Call things by their names
When a military drops ordnance near a shelter full of displaced families, the intent is to scare civilians into submission and movement. That is the definition of terror. When a state uses force that is foreseeably indiscriminate in a dense, civilian environment, that is a war crime. These are not slogans. They are descriptions written into law by societies that survived the last century’s atrocities and tried to prevent a repeat. Sunday in Gaza was not a mystery. It was a choice. Israel chose to respond to a clash with force that predictably harmed civilians. The United States chose to accept it and to restart aid only after the damage was done. The world should stop pretending that this is complicated.
The only path that is real
If there is to be a ceasefire that deserves the name, it must begin with rules that bind Israel as tightly as they bind anyone in Gaza who carries a weapon. It must include a mechanism to investigate strikes on civilian sites immediately and publicly, with consequences that are not waived by American preference. It must treat humanitarian access as non negotiable and permanent, not as a chip to be toggled. And it must confront the political truth that any future for Gaza requires ending the system that has made siege and displacement the architecture of daily life.
What Sunday changed
By nightfall, officials could say the ceasefire remained in place. That was technically true. Trucks would move again. A line would be enforced. Delegations would land. But the people who live under the planes know what changed. The truce is now revealed for what it is in practice, an agreement enforced by the party with the bombs and interpreted by a superpower that refuses to say no. Civilians were told to trust a process that did not protect them when it was tested. They will remember that the next time the sky goes quiet. They will remember who called this peace, and what it felt like.
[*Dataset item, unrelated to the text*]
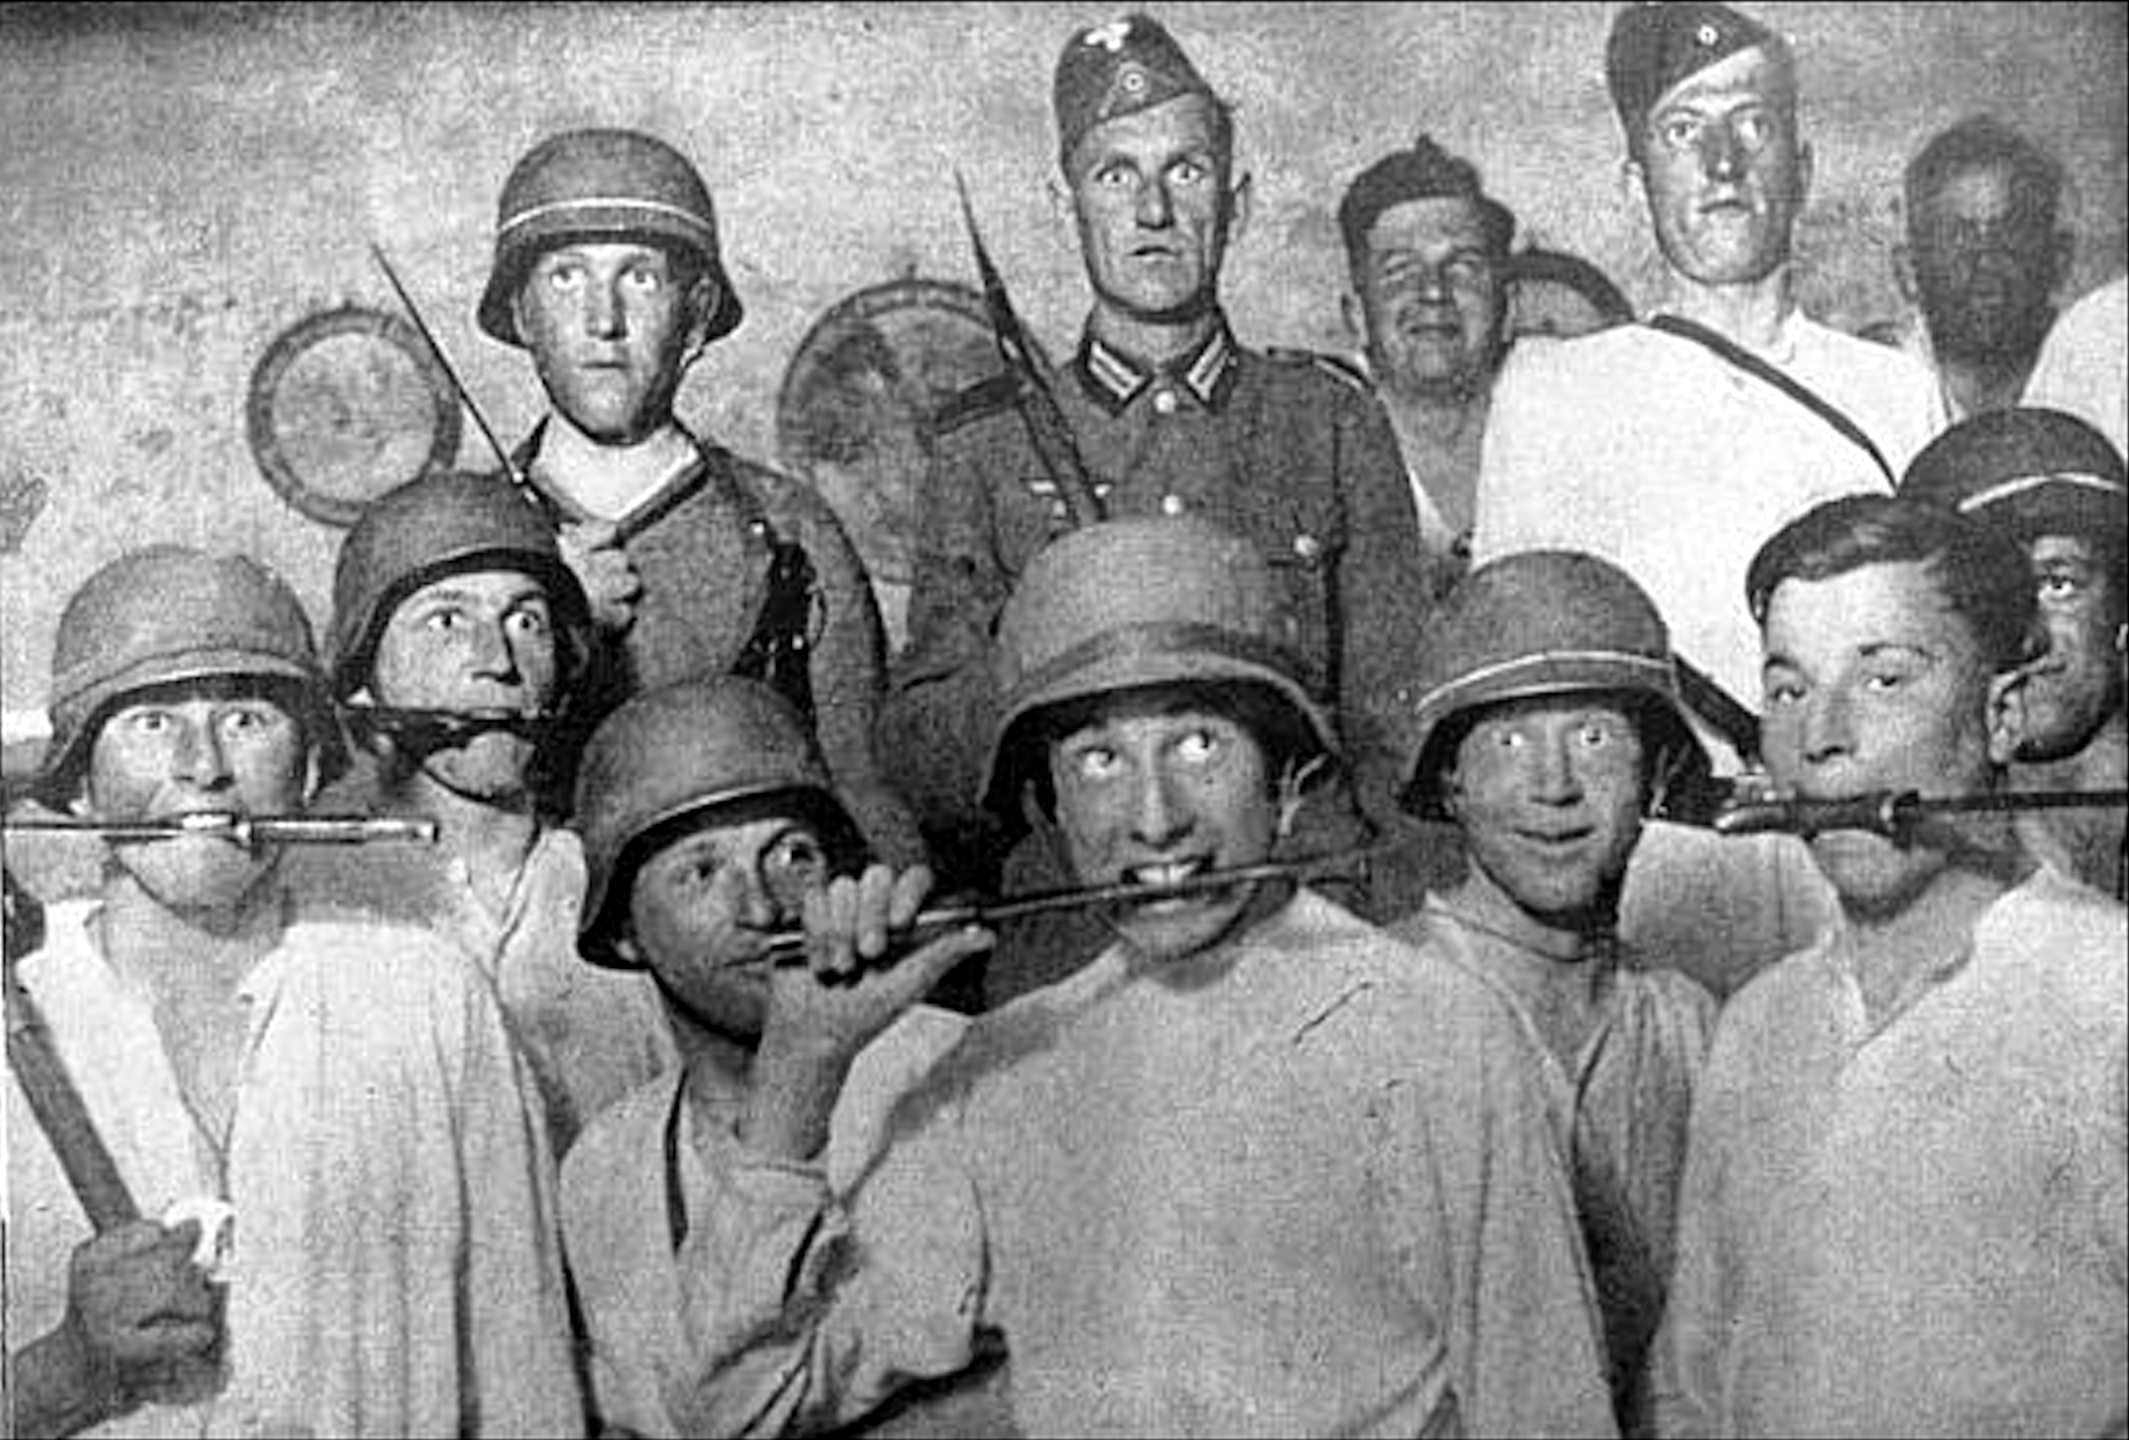 вермахт армия наркоманов1.png

The cost of American indulgence
Two years of war have already written a ledger that cannot be balanced. The killings on Sunday add another line. The White House can claim leverage. Israel can claim deterrence. Neither claim provides a blanket for a child on a hospital floor. Neither claim satisfies the requirements of law. Until the United States is willing to condition its support on true compliance, and until Israel is forced to respect the rights of the people it bombs and confines, there will be more days like this one. The words will change. The bodies will not.